Con el nuevo gobierno llegó también la esperanza; votaron por López Obrador porque creyeron que con él las cosas ahora sí iban a cambiar, pero muy a su pesar se han dado cuenta que la corrupción en los juzgados sigue igual o peor.

Pensaron que era cuestión de tiempo para que las cosas al nuevo gobierno se le dieran, pero en vez de ir para adelante, van para atrás, porque si hace tres años el juez les pedían un millón para arreglarles su problema, el que entró en enero del 2019 ahora les pide dos.

Para la 4T, son mexicanos invisibles, como lo fueron con Peña Nieto. 

3.- Vociferan un día sí y el otro también contra lo que consideran yerros de López Obrador y de su equipo.

Lo critican desde el anonimato de las redes sociales, porque aunque ponen nombres y apellidos, los inventan para evitar que den con ellos.

De pronto un aventado les pide que firmen una carta pública de protesta para enviarla al Palacio Nacional y se valen de mil pretextos para no hacerlo. Se esconden. Se refugian en el calabozo de su vida privada y de sus respectivas zonas de confort. 
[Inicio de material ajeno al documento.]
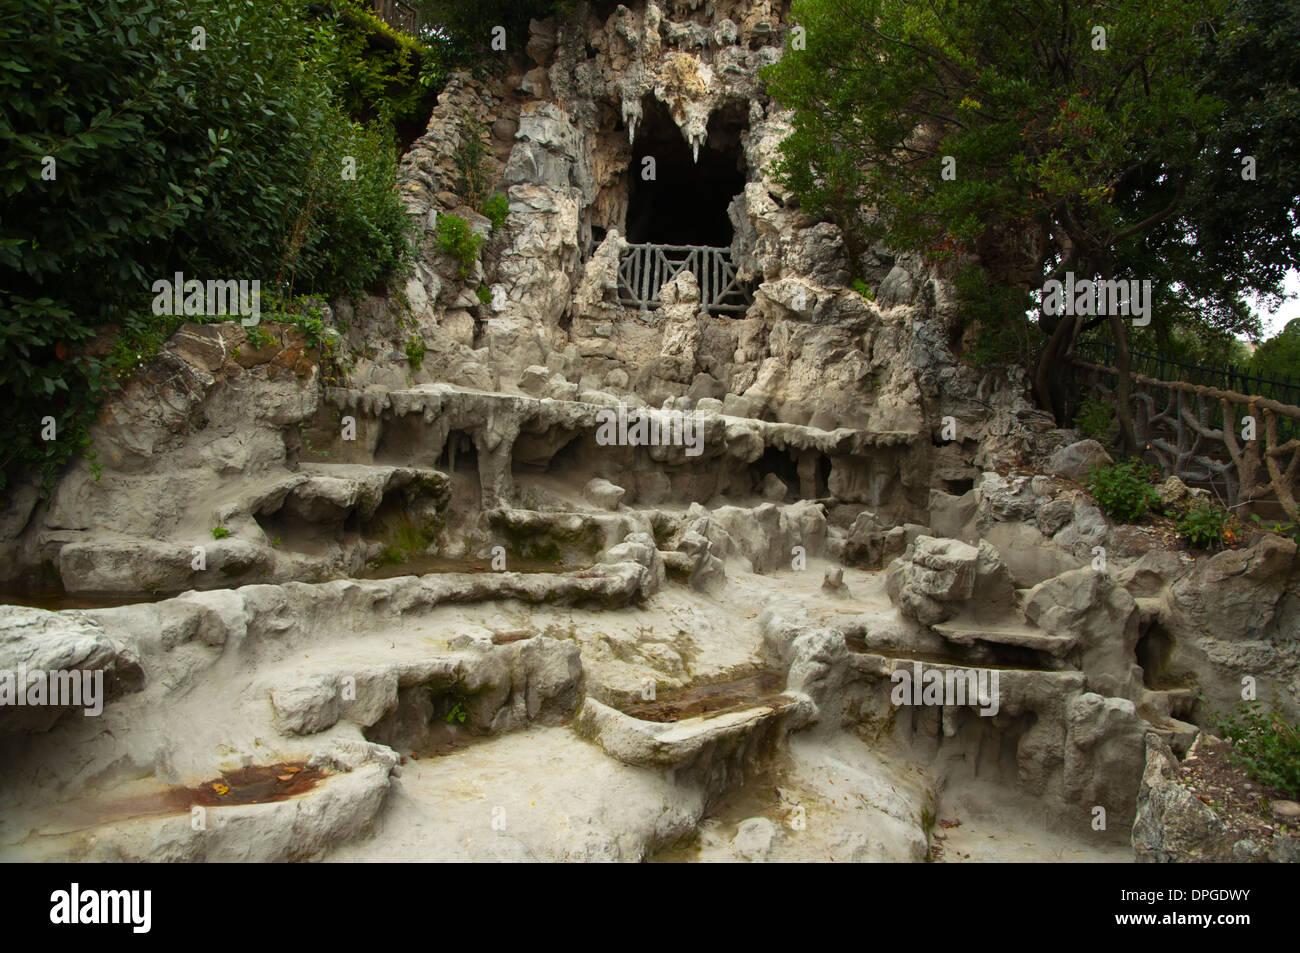 Waterfalls and grottoes Villetta di Negro park central Genoa Liguria region Italy Europe - Stock Image

Ellos son otro tipo de mexicanos invisibles.

4.- En los foros patronales sueltan de su ronco pecho que ya es hora de que los empresarios intervengan en la cosa pública. Le siguen sacando a participar en política, pero al menos ya hablan de convertir a la IP en Iniciativa Pública, no Privada.

Y muchos que les oyeron se la creen. Pero apenas vuelven a sus corporativos y sienten bajo sus pies las abullonadas alfombras de sus oficinas o el delicioso sonido al deslizarse sobre los pisos de madera añejada de sus casotas, prefieren que sean otros los que den la cara. Es más, les piden a otros que den la cara. 

A lo mejor es porque creen que tienen mucho qué perder y son otros menos recompensados por la vida los que deben ponerle pecho a las balas. 

Y mientras piensan esto, se sientan a la mesa ricamente adornada y piden a su mayordomo el segundo escocés Glenlivet de una sola malta. Ellos son otro tipo de mexicanos invisibles.

CAJÓN DE SASTRE

"Y hay más, porque éstos son nomás algunos. Salud", dice la irreverente de mi Gaby.